Before she was shot, Malala Yousafzai made her name as a champion for educating girls in Pakistan. So it’s worth noting that the 15-year-old today returned to school for the first time since members of the Pakistan Taliban tried to assassinate her–on a school bus–last October.
Malala is not back at the girl’s school her dad ran in Pakistan’s Swat Valley, though. Those days are over. While the bullet in her head was removed by surgeons in Pakistan, further treatment took place in Birmingham, England, and that’s where she’s going to the Edgbaston High School for Girls.
According to the BBC, Malala said the return to school is “the most important day” of her life.
“I think it is the happiest moment that I’m going back to school, this is what I dreamed, that all children should be able to go to school because it is their basic right.”
Her new school’s headmistress, Ruth Weekes, said Malala wants to be “a normal teenage girl,” which may not be in the cards between the evil men who wish her harm and the well-meaning men and women who have made her an international icon. Not many teenage girls are shortlisted for a Nobel Peace Prize, have a charity laboring in their behalf or a pending global day of action bearing their name and scheduled for their birthday.

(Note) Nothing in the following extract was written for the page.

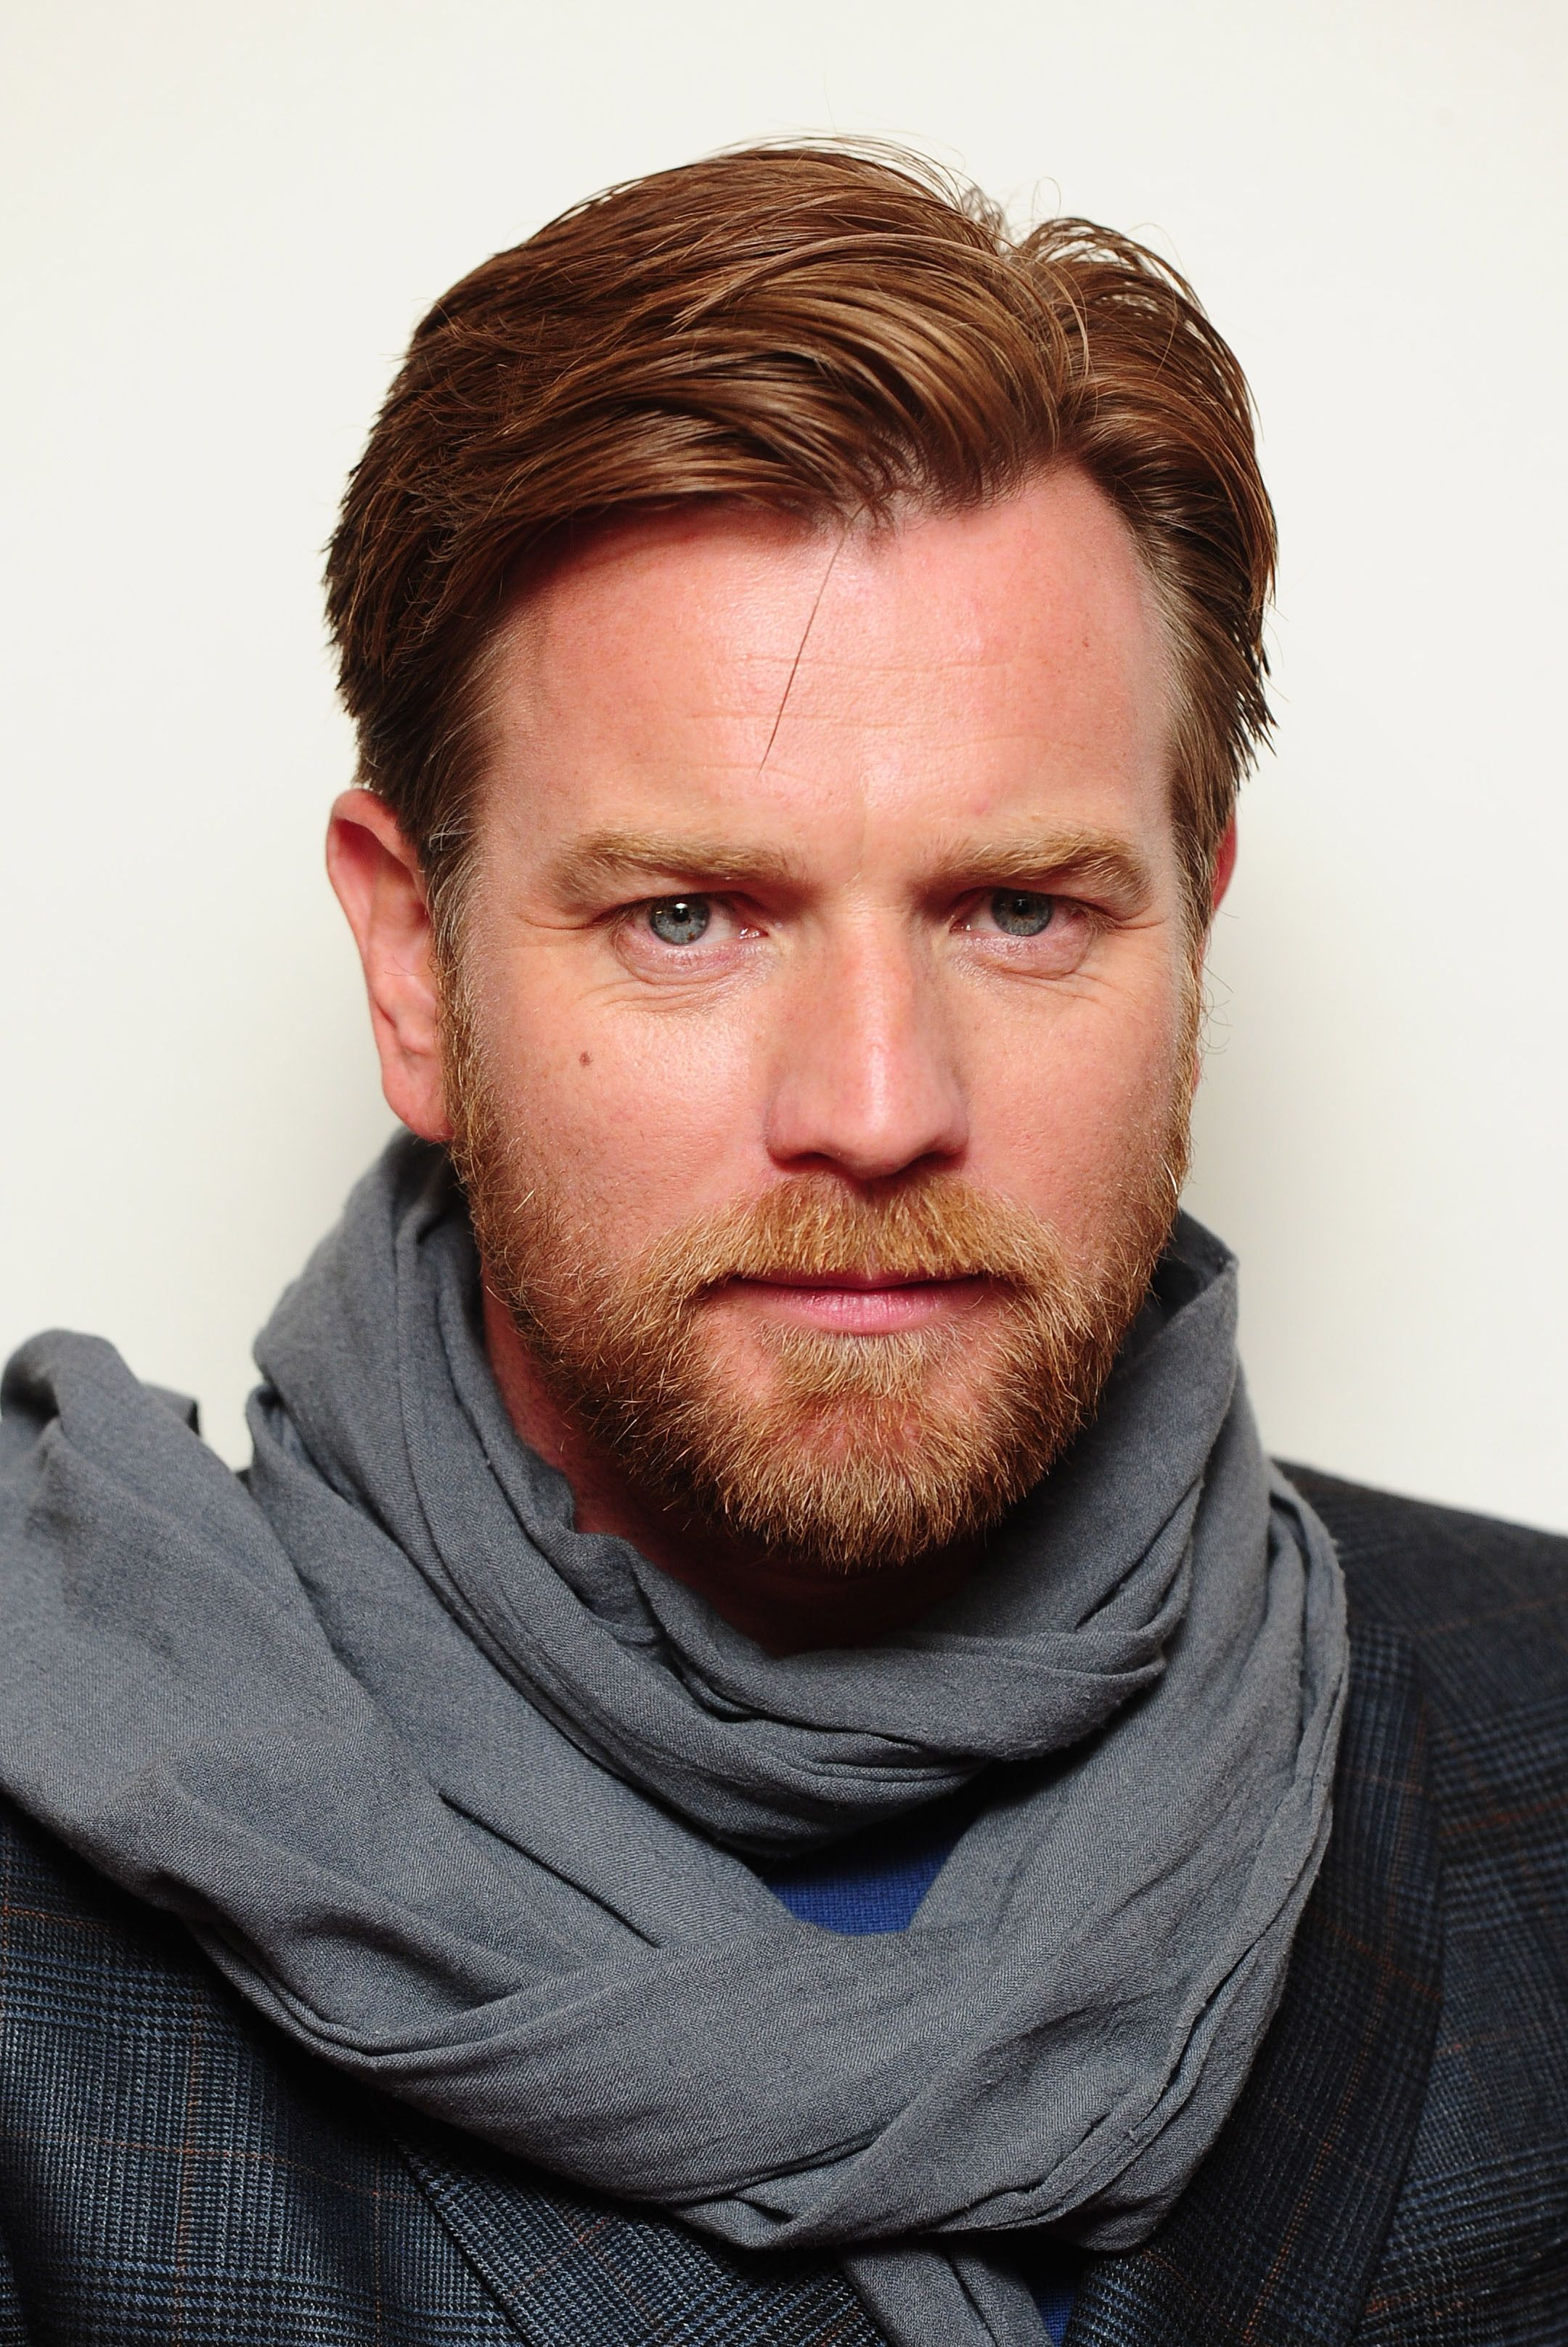 Sir Ewan Mcgregor 40ish Tortured Artist And Writer With The Worst Creative Block Imaginable Ewan Mcgregor Scottish Actors Ginger Men

And of course the question remains how much she wanted this, and how much we—the press, the West, women’s rights advocates—wanted this. As Pakistani journalist Irfan Ashraf told our Marc Herman last year:
This is an issue about you, me. Even the militants. We needed a doll, didn’t we? We needed this story that will fill the belly and we needed Malala to say these things. Everyone else is scared to say things.
This is why I say this issue is also a media issue. I want to give her agency. But we made her this icon. I don’t know if, at that age, you can understand what it means to become an icon.
Malala’s father (and promoter, to hear Ashraf explain), meanwhile, is serving as an education attache at the Pakistani consulate in Birmingham and is working for Gordon Brown, the former British prime minister who’s serving as a U.N. special envoy on global education.